RINGSIDE: Trump ‘donuts’ delight neo-nazis.
At a rally in Georgia, US President Donald Trump awed his hard-right base, by spinning donuts in the Presidential Limo.
Rule number one – if you want the President of the USA to come and endorse your re-election campaign, you’d better put his kind of food on the menu. So it was when Trump flew into an airstrip in Southern Georgia to support the struggling re-election bid of Republican Congressman Harvey Sheetz.
To get The Donald’s attendance, the word DONUTS was plastered large across the formal invitation. That was all it took to get the 385lb world leader wobbling right out of the Oval Office and onto Airforce One.
Going round in circles
However, upon arrival, the fare was found to be rather different than advertised. Instead of piling into a mountain of Krispy Kremes, Trump was told he was going to be making the donuts himself – with his car.
Open mouthed and for the first time in almost 70 years, shocked into silence, Trump listened as Sheetz explained that the adoring crowd were all ‘biker boys, gas nuts and speedfreaks.’ Drawn to the rally by the lure of free STP, the baying mob of unwashed white, fat men were slobbering at the prospect of seeing their President ‘nailin’ the fuckin’ gas pedal and puttin’ smoke in their hair.’
Without further ado, The Leader of the Free World was shoe-horned behind the wheel of the bullet-proof Presidential Limo known as ‘The Beast’. With a few instructions from on-site NASCAR legend, Lonny Donny Jr, Trump was left to let ‘er rip.

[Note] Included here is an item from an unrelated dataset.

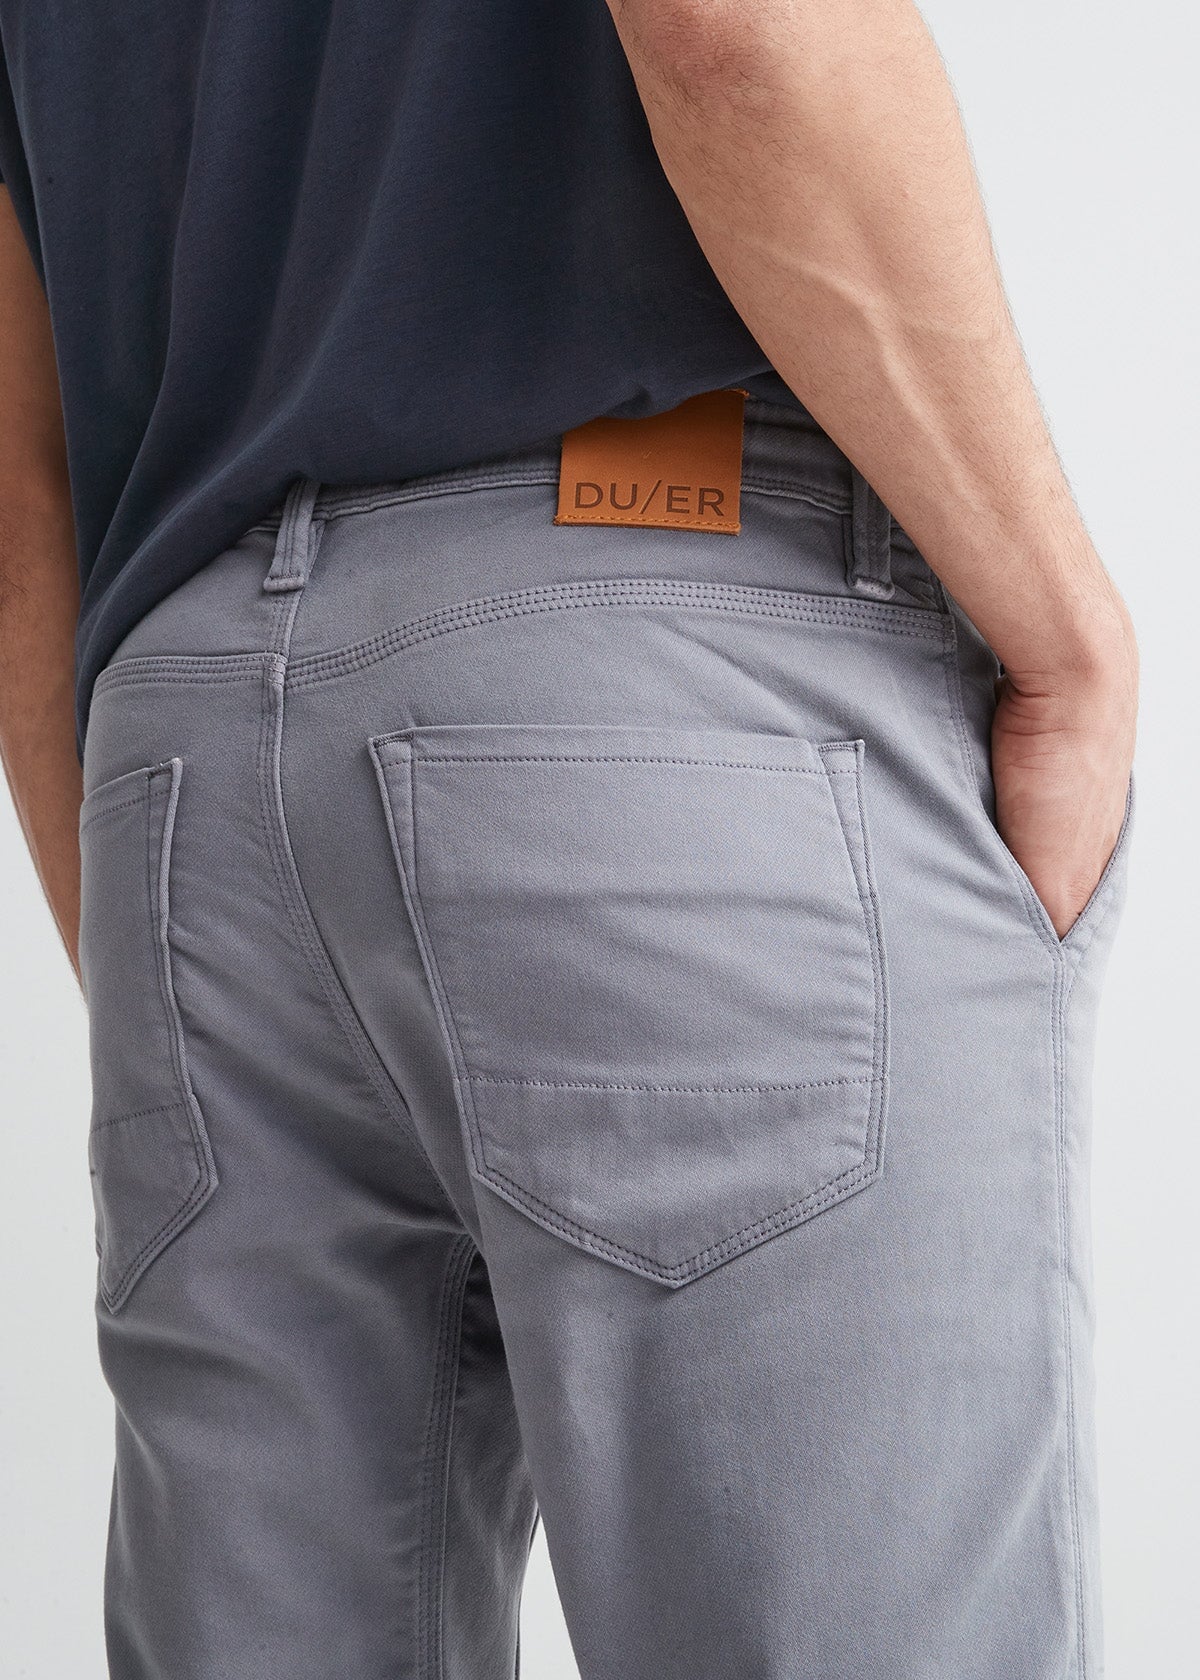 Men's Joggers With Side Hip Pockets

Initially slow to move, the six and half tonne vehicle was eventually coaxed above 3000 rpm and yanked into a series of tight left-hand turns. Trump’s face could be seen fearfully peeping above the wheel as he hung on for dear life. On the ninth attempt, with the audience now silent and brooding, the rear tyres lit up, smoke bloomed and circular black smears were daubed across the tarmac. Roars of appreciation and copious gunfire came back in return.
Just really, really fine
After stopping the gasping Beast, Trump stepped from the vehicle and basked in the applause. “There’s no beautiful nation greater than wonderful Great America and there’s no finer American food than real donuts.” He said as he pointed to a large contingent of Klan members and skinheads waving swastika flags. “And you people are very fine too!”
As he stood alongside Trump in the pattern of skidmarks, Sheetz grinned and spoke into camera. “It's my pleasure to ride shotgun with our President. Hell, I’d even use that shotgun on a Democrat if Mr Trump asked me to.”
Harvey Sheetz returned to his secure mental care centre before RFN could interview him. Trump detoured to Memphis on the way home to pick up dry-rub BBQ.